Rally against police brutality calls for accountability and transparency from law enforcement

Local News

WEST VALLEY CITY (News4Utah) – Community members are demanding accountability and transparency from law enforcement at a rally Thursday evening in front of the West Valley City Police station. Organizers from Utah Against Police Brutality (UAPB) said the rally was prompted by three cases in the past month where they feel like police used excessive force.

The first case happened on February 24 when Tevin and Maryssa Evans went home after their baby died from respiratory problems at the hospital. They said two West Valley City police officers entered their home without a warrant and assaulted two male family members during what WVCPD chief said was a “routine investigation for unattended deaths.”

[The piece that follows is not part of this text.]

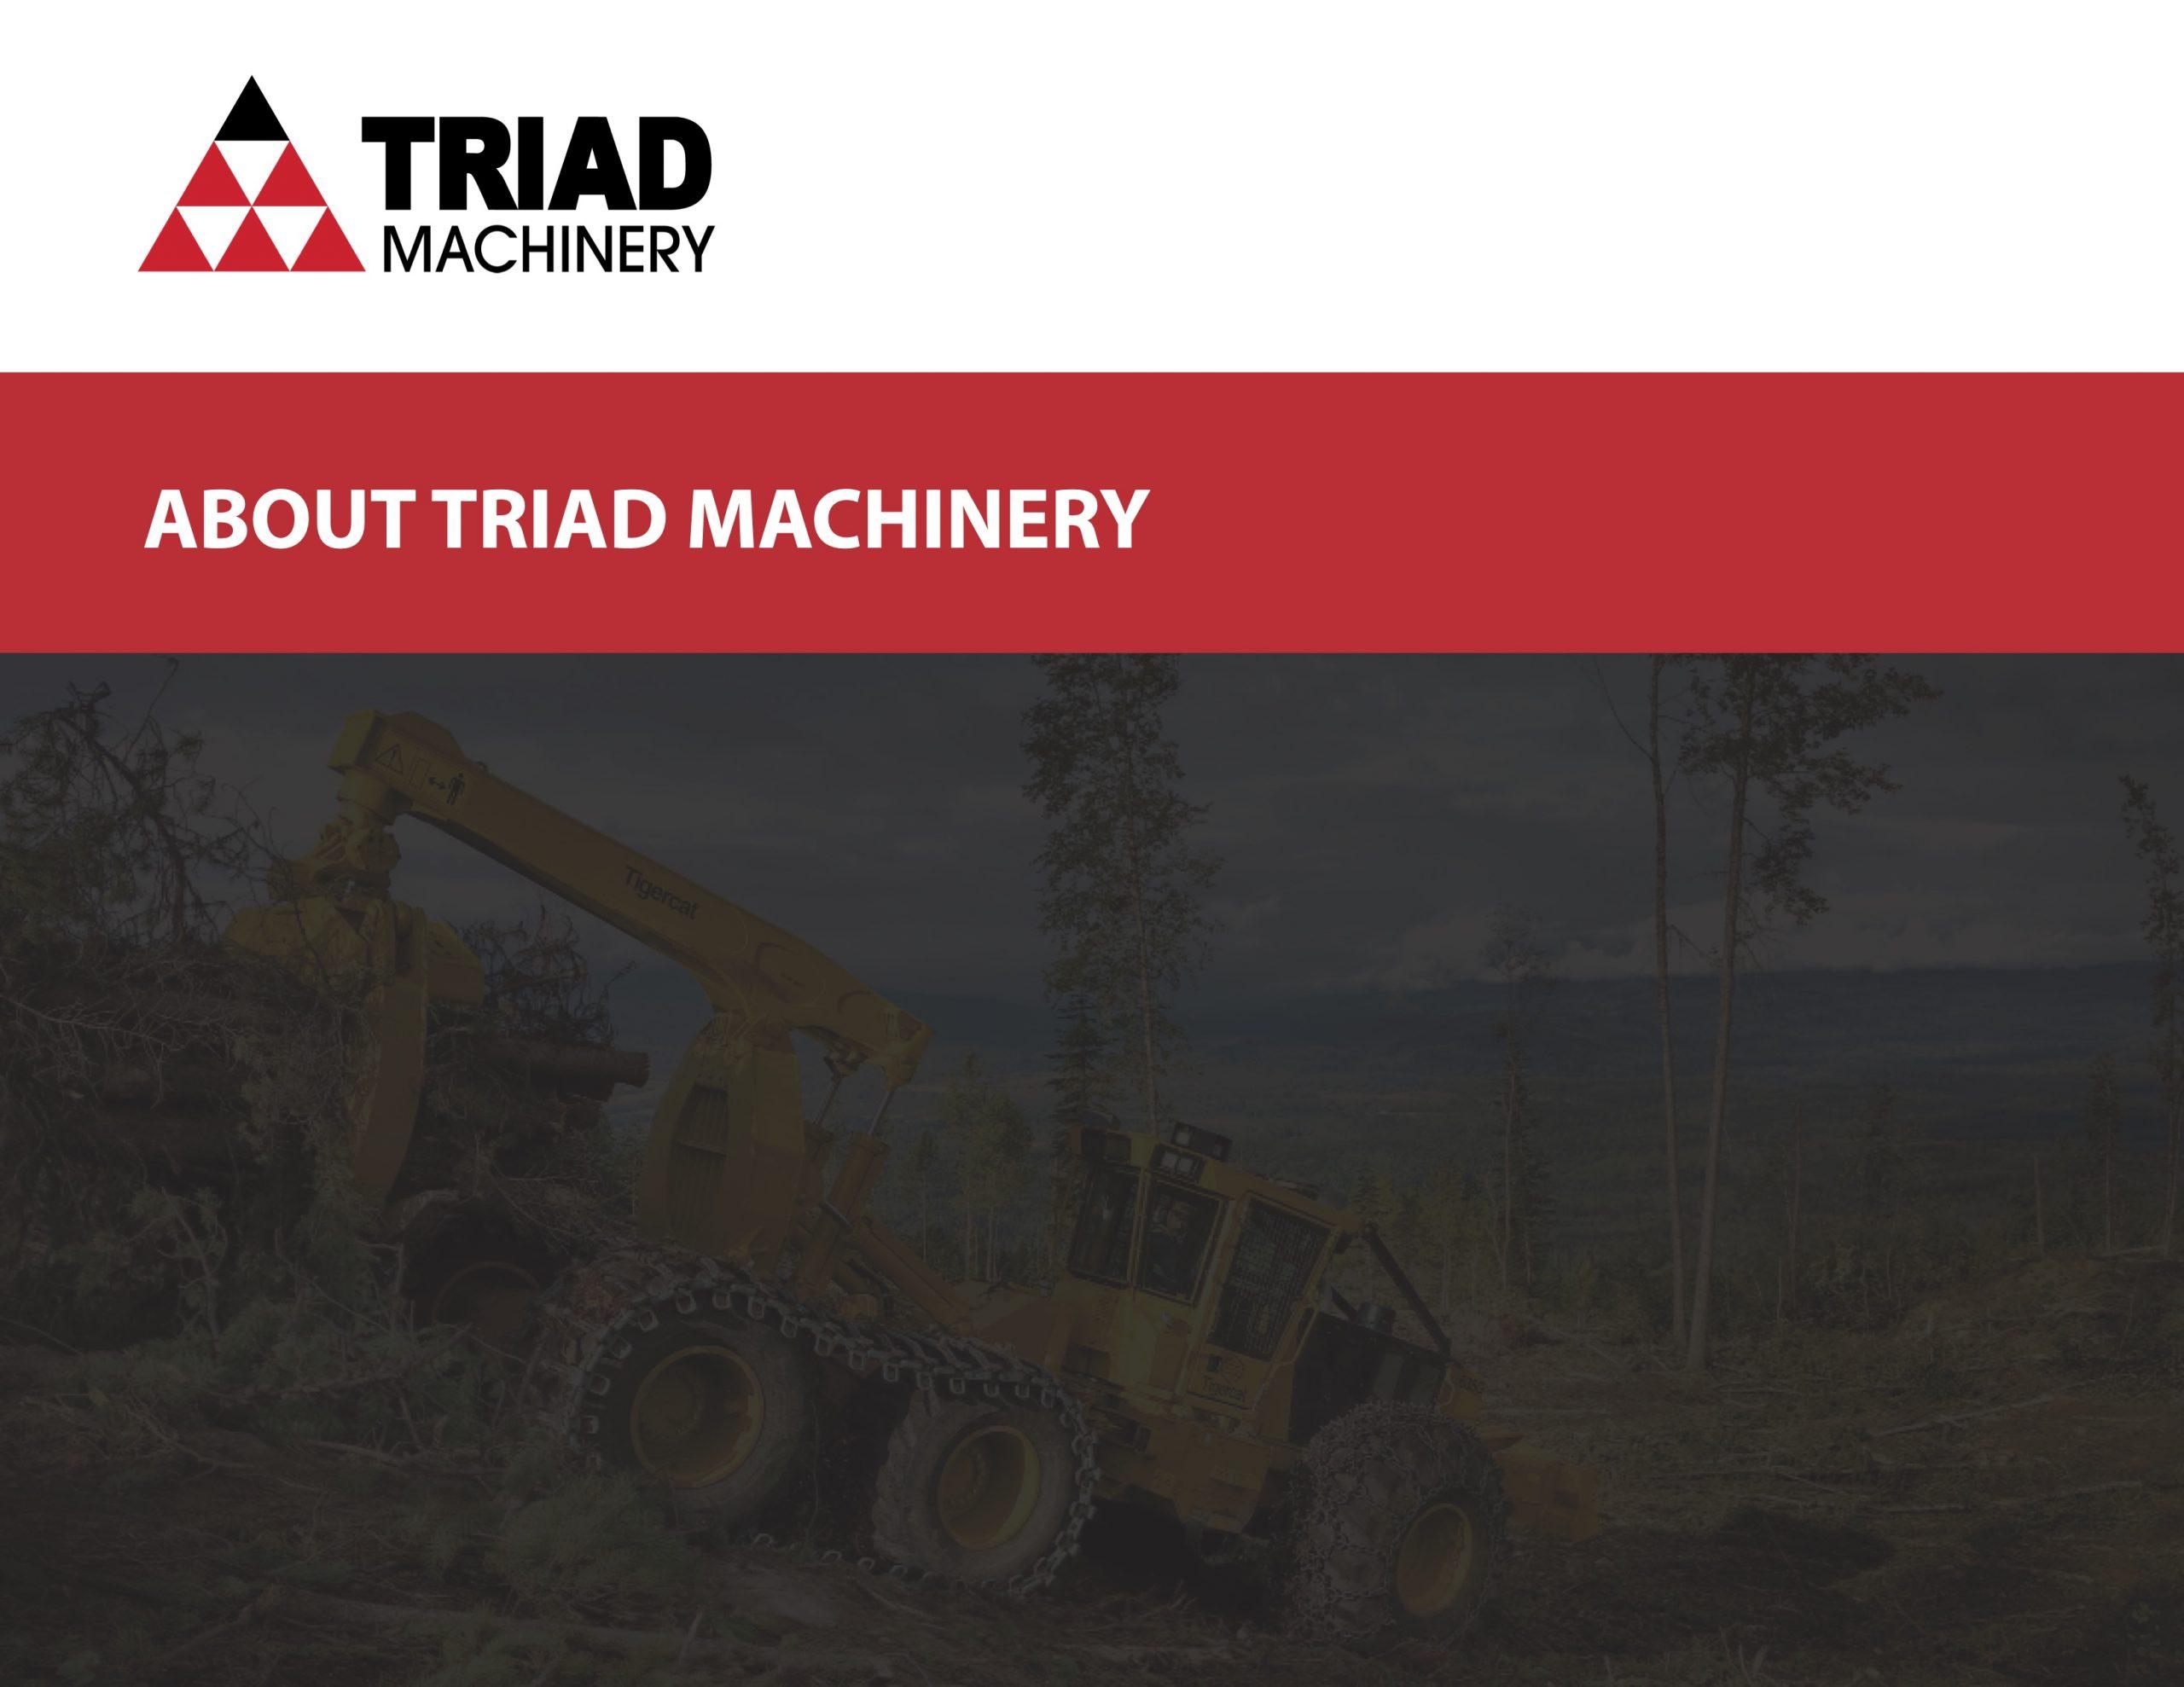 triad-machinery-brand-book-v5-1

“Officer Christian is shown on video as enraged to point of being almost non-verbal, after being refused an interview and house access to a non-suspect, and reacted violently. His behavior was not merely unbecoming of an officer, but literally the exact opposite of acceptable policing,” said Jacob Jensen with UAPB.

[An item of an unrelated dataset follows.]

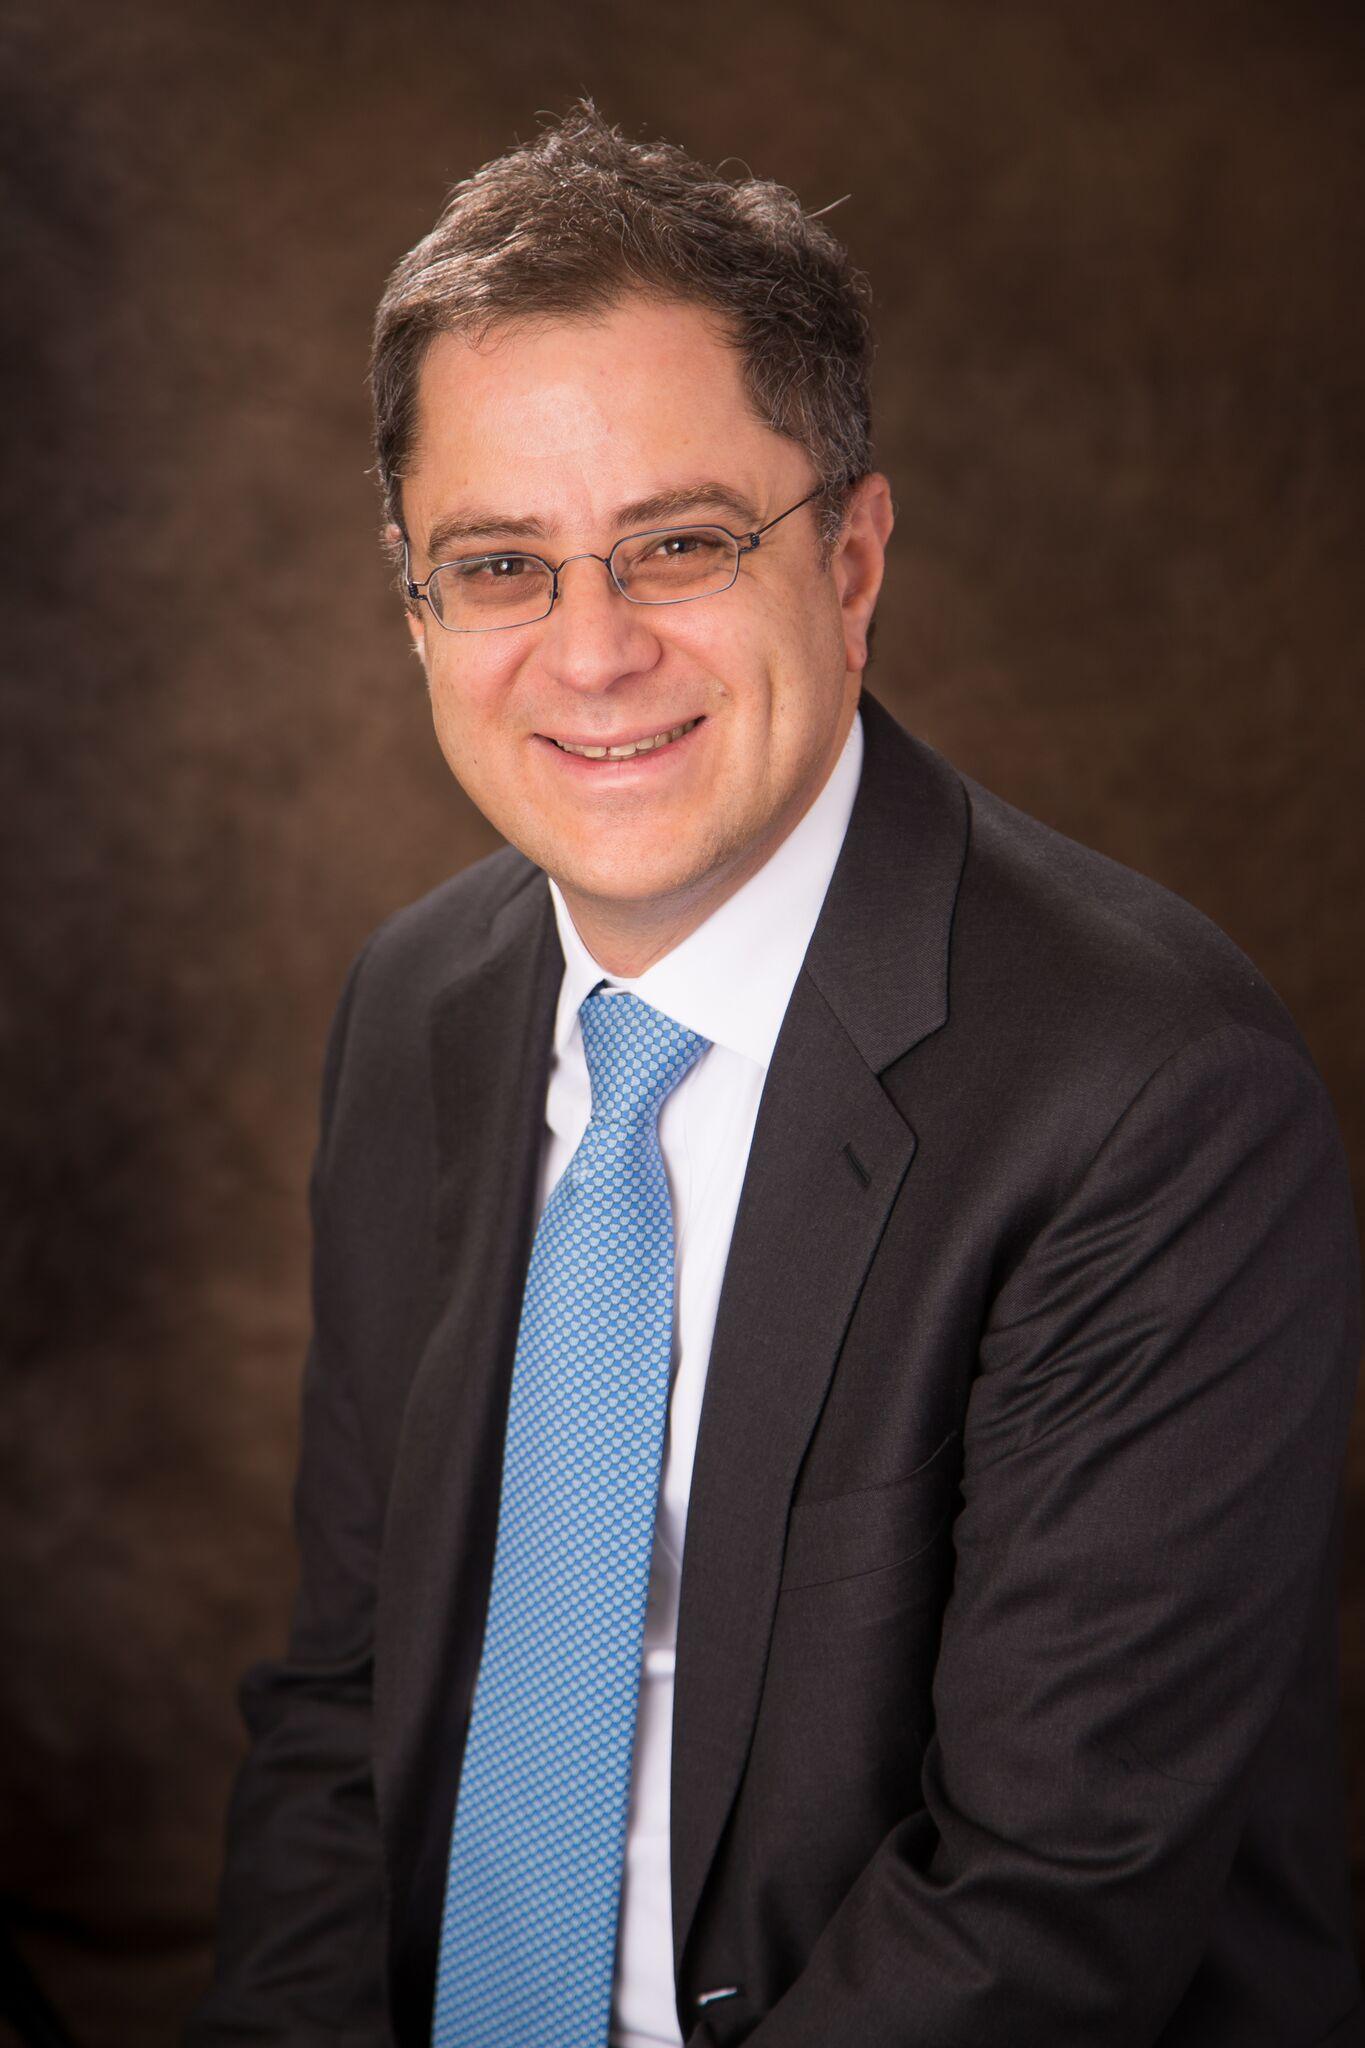 Chair, Ghassan K. Abou-Alfa, MD

On March 13, a federal agent shot and killed 31-year-old Bryan Liles in a parking lot near a Sandy TRAX station. Investigators said an agent with the Alcohol Tobacco Firearms and Explosives was tracking an individual to serve a federal arrest warrant. They said, “based on some actions of the suspect, shots were fired by officers attempting to serve the warrant.”

Rally organizers said officers shot the wrong person.

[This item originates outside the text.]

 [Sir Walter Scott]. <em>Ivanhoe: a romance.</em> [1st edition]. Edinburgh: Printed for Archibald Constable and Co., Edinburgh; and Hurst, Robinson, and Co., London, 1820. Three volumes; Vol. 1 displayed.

“Liles would be alive today if the officer didn’t continue to pursue him, even after they discovered that he was clearly not person named in their warrant. Despite this, the agents engaged his prior to knowing if he had a criminal history,” said Jacob Jensen with UAPB. “Liles’ father said he was told his son was unarmed but that the agents thought his movements in the car could have been interpreted as searching for a gun. It isn’t acceptable to shoot someone based on ‘a hunch’ that someone might have a gun.”

A week later later on March 20, an unarmed teenager was shot by a Granite School District resource officer. Police said the officer was patrolling the area and saw a car with multiple teens inside. They said the officer smelled marijuana coming from the car, but as he approached them, the driver stepped on the gas.

“The vehicle attempted to run him over and at one point, he was on the vehicle,” said Ben Horsley with Granite School District.

Investigators said the officer was thrown from the vehicle, but when they were unable to specify when he fired the shot that hit the driver and sent them to the hospital in serious condition.

“The scant details or footage around an unarmed teen by a Granite School District officer is a disturbing sign either a cover-up, or a deep mistrust of the community. All we have been told is that the officer was hit by a car, and then shot the driver from mere feet away. What seems clear, without any additional information, is that officer preferred put himself and the other persons in car at a further risk by escalation, rather than to roll off the hood the car and call for back-up for a suspect that was trying to flee,” said a spokesperson with UAPB.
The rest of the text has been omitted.